75. An enzyme blend according to any of claims 58-74 further comprising adding a second isolated polypeptide having proline specific endopeptidase activity according to any of claims 1 to 6 wherein the second isolated polypeptide is different than said isolated polypeptide having proline specific endopeptidase activity.

76. An enzyme blend according to claim 75 wherein the isolated polypeptide comprises a polypeptide comprising SEQ ID NO:4 or a fragment thereof and the second isolated polypeptide comprises a polypeptide comprising SEQ ID NO:8 or a fragment thereof.

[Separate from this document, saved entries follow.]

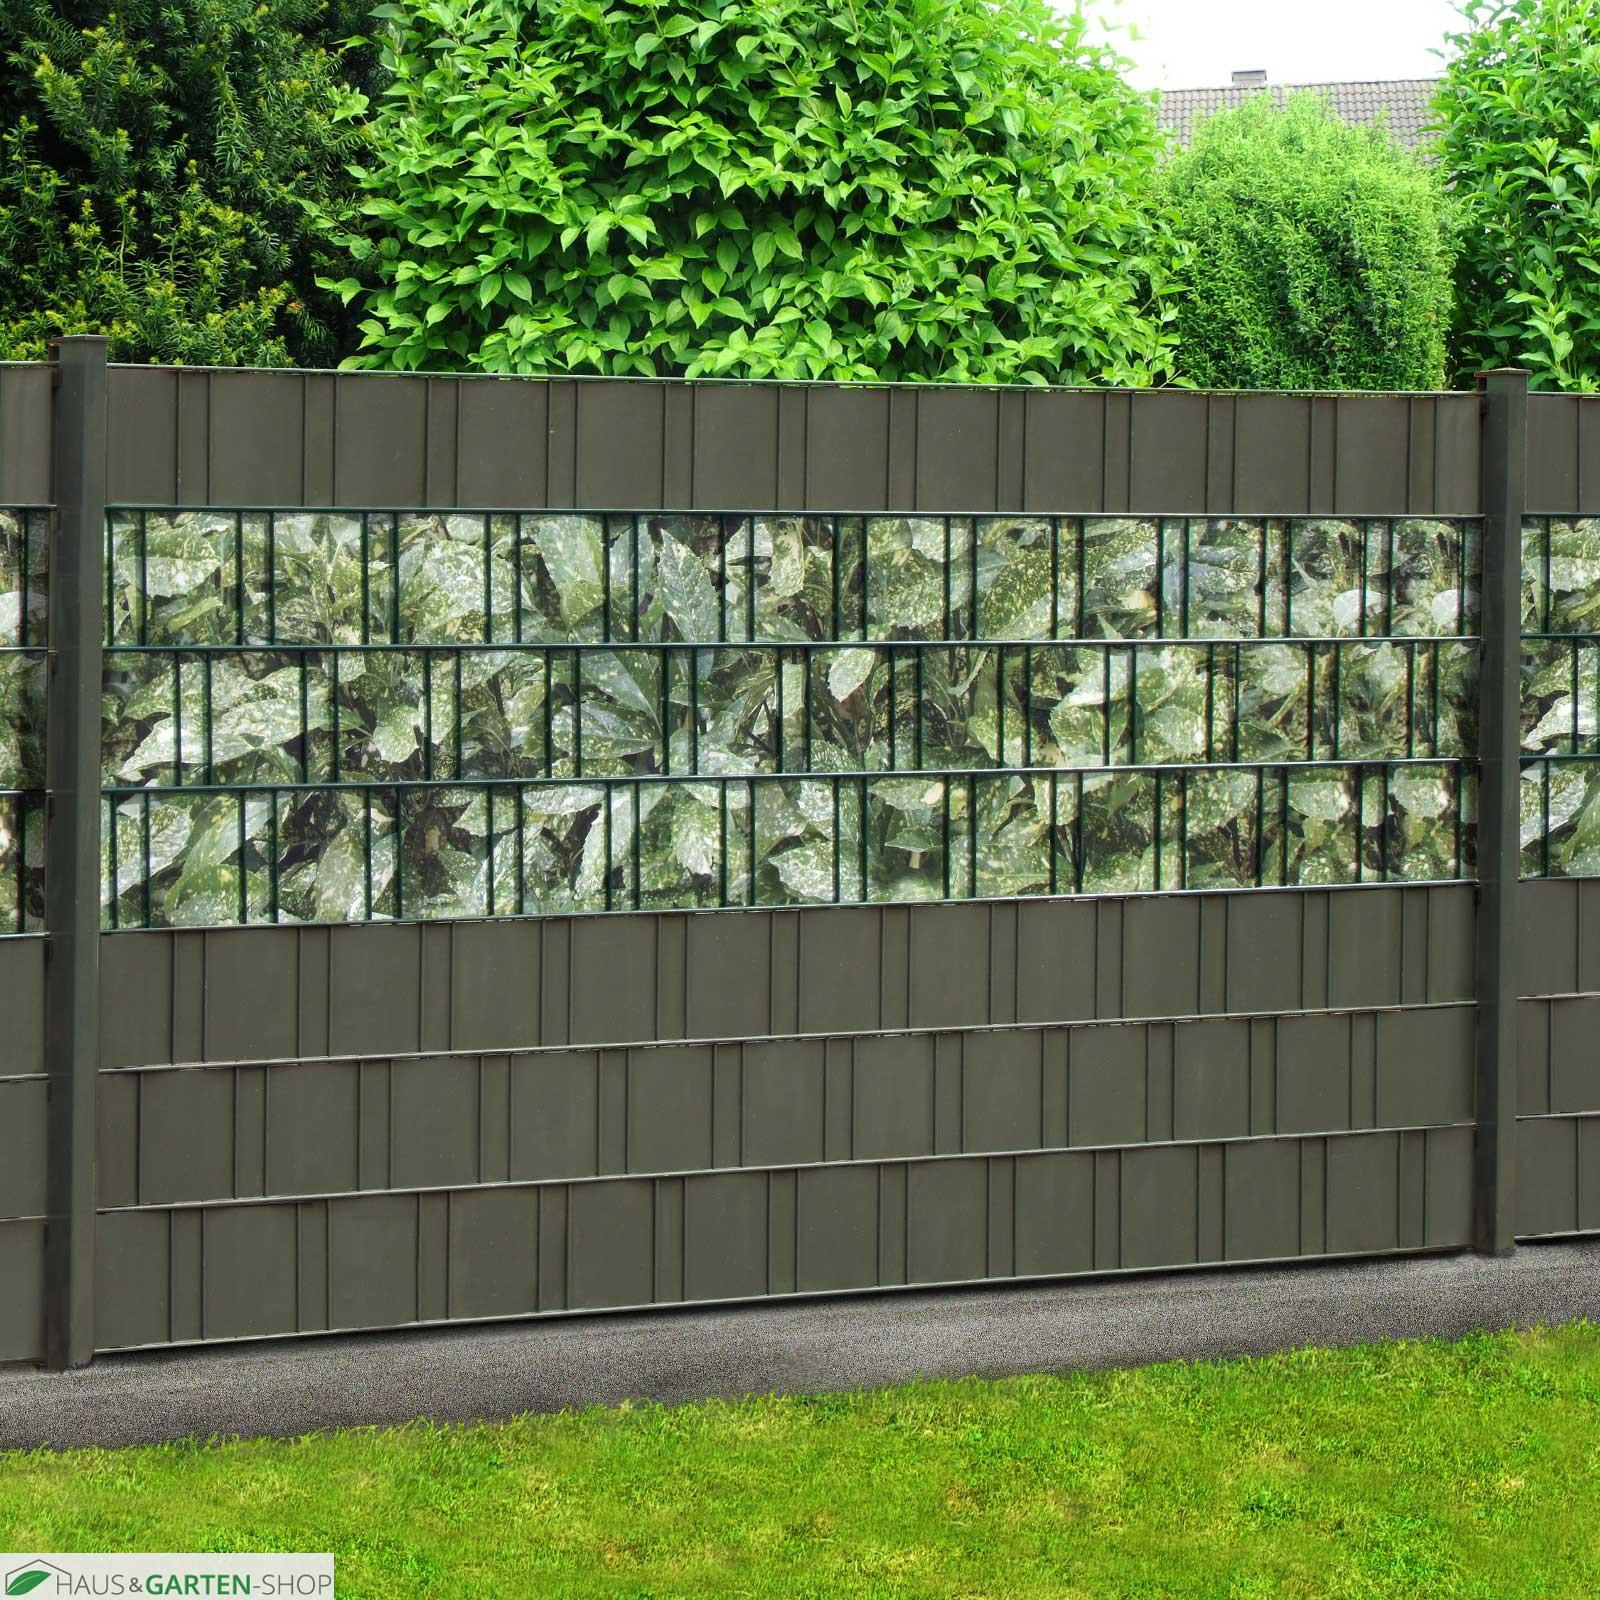 m tec print weich pvc sichtschutzstreifen aukube hecke. Black Bedroom Furniture Sets. Home Design Ideas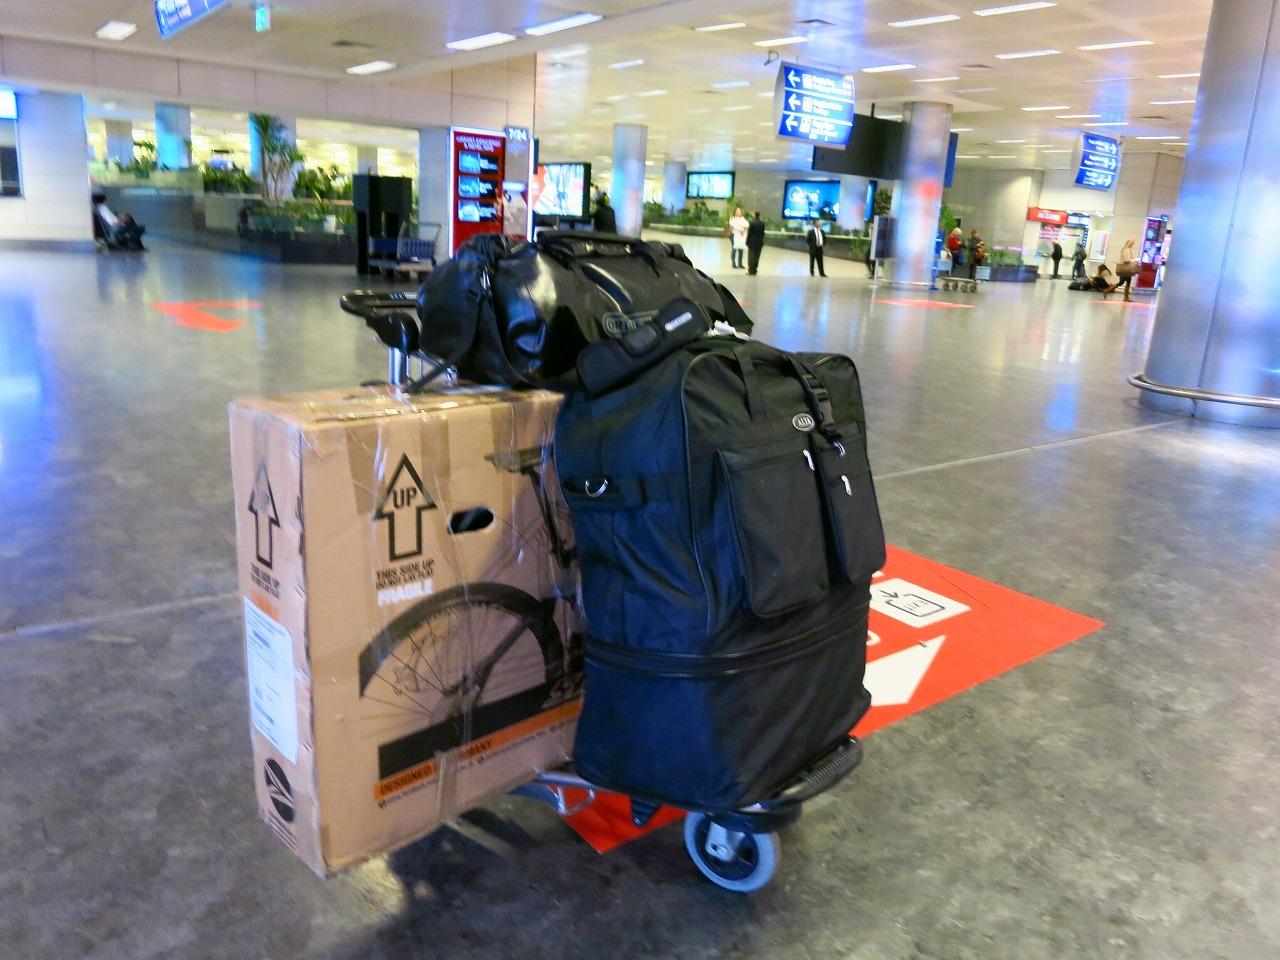 自転車の 自転車 ルート 無料 : トルコ航空は自転車料金が別で ...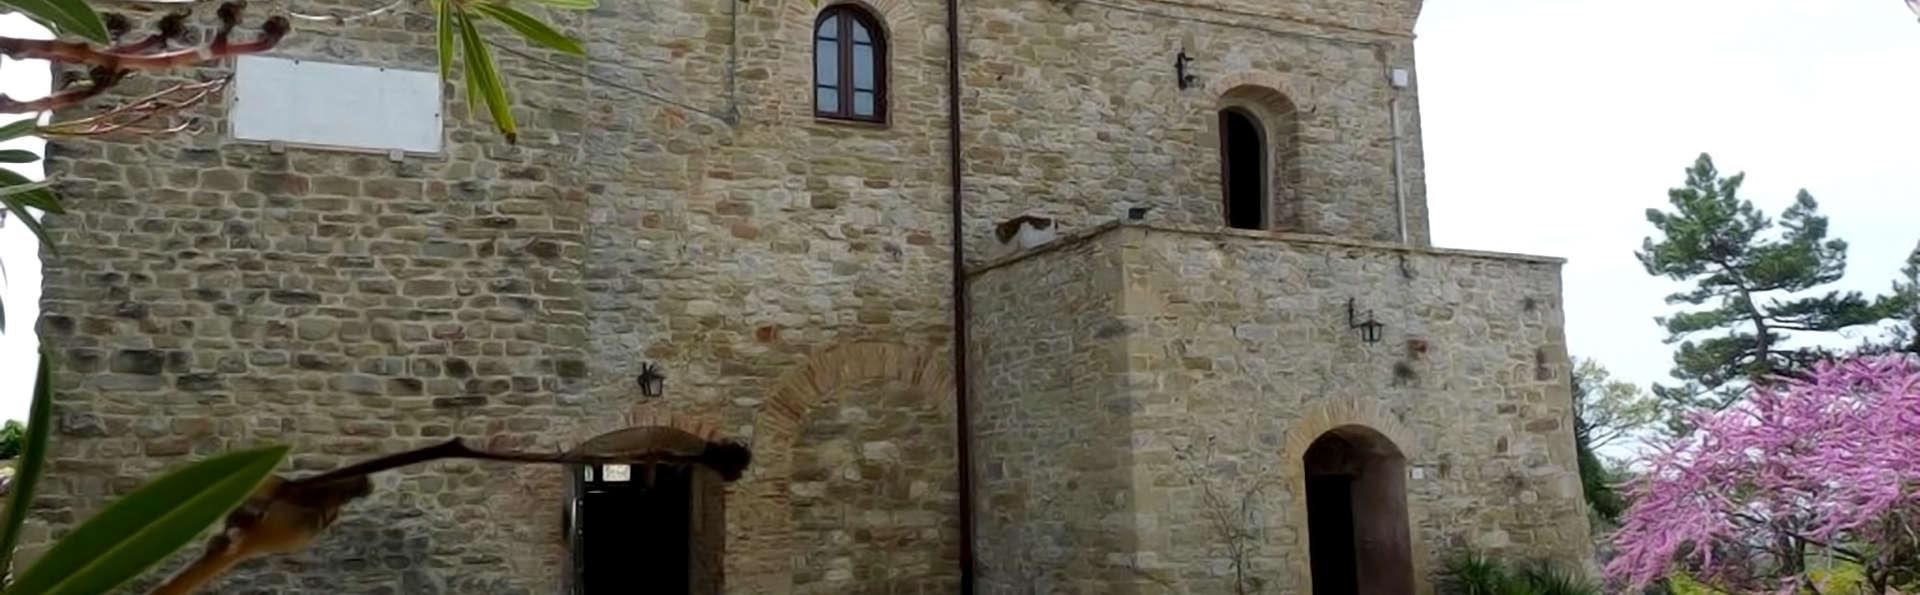 Castello di Giomici - Edit_Front.jpg

77. A polynucleotide comprising a nucleic acid sequence encoding the endopeptidase of any one of claims 1 to 6.

78. A recombinant expression vector comprising a polynucleotide according to claim 77.

79. A host cell comprising the recombinant expression vector according to claim 78.